Much easier to drop some router on site that is telco neutral and connect back to your telco neutral dc/hq.
What we could do is increase the number of IP addresses available. Just imagine if we enlarged the IP address space from 32 bits to 128 bits: Every device on the Internet could have a unique IP address!
That sounds apocalyptic. What if street addresses were unambiguous? Think of the security implications. Anyone could just walk into your house. Much better to just have "local street 10 b" etc.
The issue is that we DO NOT want every device to have a publicly routable IP address. It does make sense for some machines, but you probably don't want your your Internet-of-Shit devices to have public IPs. Of course you can firewall the devices, but you are always one misconfiguration or bug away from exposing devices that should not be exposed, when a local network is a more natural solution for what is supposed to remain local in the first place.
We did. It's called IPv6. It's 20 years old and still not usable universally. At the high end, like enterprise or telcos, it's fantastic. But at the grass roots level of residential and small businesses, it's still a nightmare.
I wouldn't be surprised if a lot of the hardware under management (e.g. IP cameras, NVRs, cable modems) lacks support for IPv6, and/or the customer networks that it's resident on don't have working IPv6 transit.
IPv6 is very badly supported at the low end of the market. Cheap webcams, doorbells, etc. And that not counting already old equipment...
If we had a nuclear war, we could start over. But for now, we are stuck. Blame it on Cisco for inventing NAT.
Yes, I was going to suggest nat64 encapsulating the customer's v4 network on the wireguard overlay, but their embedded device is presumably a little linux board, and mainline linux still lacks any siit/clat/nat64 in netfilter. So I guess they'd end up in a world of pain with out-of-tree modules like jool or inefficient funnelling through taptun tayga-style.
IPv6 solves the addressing problem, not the reachability problem. Good luck opening ports in the stateful IPv6 firewalls in the scenarios outlined in TFA:
> And that assumes a single NAT. Many sites have a security firewall behind the ISP modem, or a cellular modem in front of it. Double or triple NAT means configuring port forwarding on two or three devices in series, any of which can be reset or replaced independently.
This is basically what I use tailscale & their magicdns feature for. I manage a few locally hosted jellyfin servers for myself and some family members, and its the same problem. I just added tailscale to them all and now I can basically do ssh parents.jellyfin.ts.net or inlaws.jellyfin.ts.net
I need to implement this type of thing for supporting networks of family members, but without the media server aspect - just computer/networking support. I'm looking for a cheap and reliable device that I can put in each home, to give the Tailscale "foothold". Do you happen to know of any tiny devices? I was thinking there must be something even cheaper than a Raspberry Pi to perform this single function at each location.
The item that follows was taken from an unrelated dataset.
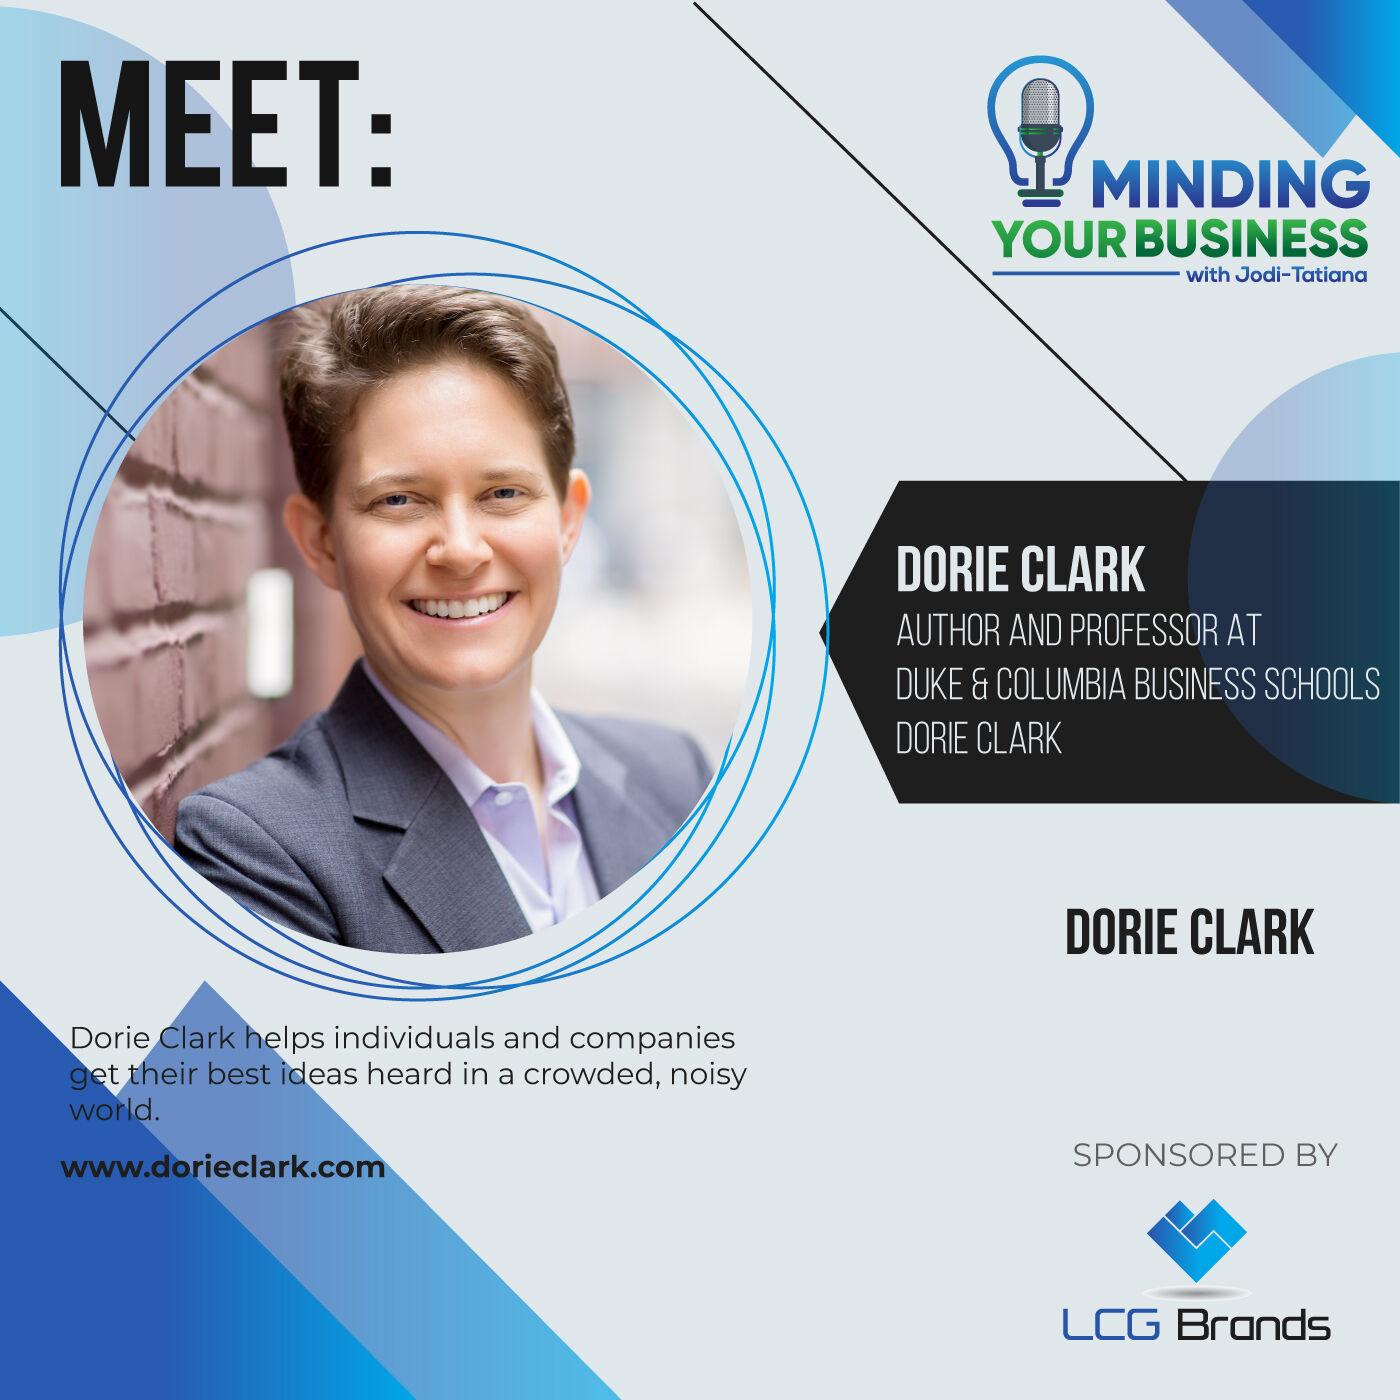 Episode 123: Meet Author and Professor at Duke & Columbia Business Schools, Dorie Clark (New York-USA)
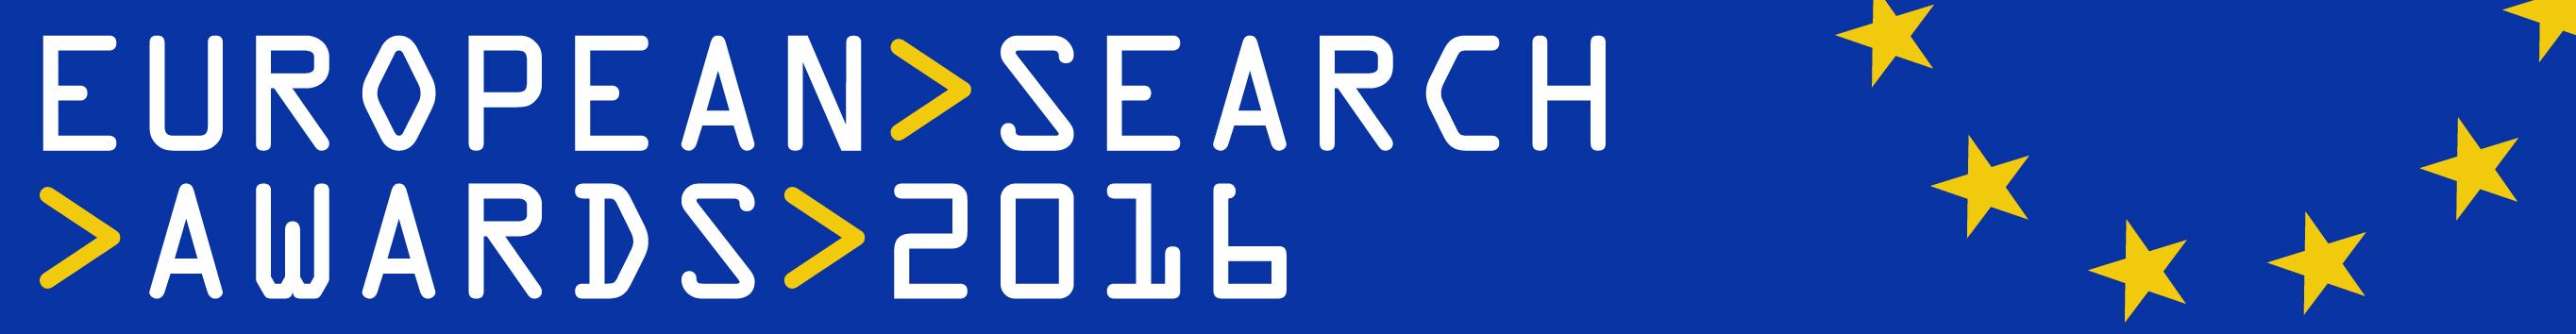 eu_search_2016_dp_ticket_banner-01

The only drawback are routes - they won't work on the same CIDR (I mean the fact that you can say in Tailscale "if you want to reach the 192.168.16.13 device that does not support Tailscale, go through this Tailscale gateway"). For this I had to shift my parents' network to be able to access stuff like the printer, in a network that clashed with another one of mine.
In your experience, how often does Tailscale have to resort to an external relay server to traverse? I’ve had that out the kibosh on bandwidth/latency sensitive applications before.
I recently just changed my default subnet to 10.X.Y.... rolling two random numbers to make it highly unlikely my home subnet through wireguard would conflict with the subnet where I am connecting from.
This works fine for your end. But the issue we are addressing is on the other end, when you don't control the network and need to reach devices. If all customer sites are running rfc-unroutable blocks, you eventually encounter conflicts. And the conflict will likely be with the 2nd one you try.
I decided to learn IPv6 recently and I'm pleasantly surprised how simple and elegant it is. Truly a joy. Highly recommend, if you've never worked with IPv6 to try it. It's like discovering a bidet.
> The gateway device performs 1:1 NAT. Traffic arriving for 100.97.14.3 is destination-translated to 192.168.1.100, and the source is masqueraded to the gateway's own LAN address.
Couldn't you tell the WG devices that 192.168.2.0/24 refers to the 192.168.1.0/24 network at customer A, such that 192.168.2.55 is routed to 192.168.1.55. Same for 192.168.3.0/24 referring to customer B.
I think this is what the article is getting at but I don't see the value in manually assigning an alias to each non-wg device, versus assigning an alias to the entire LAN.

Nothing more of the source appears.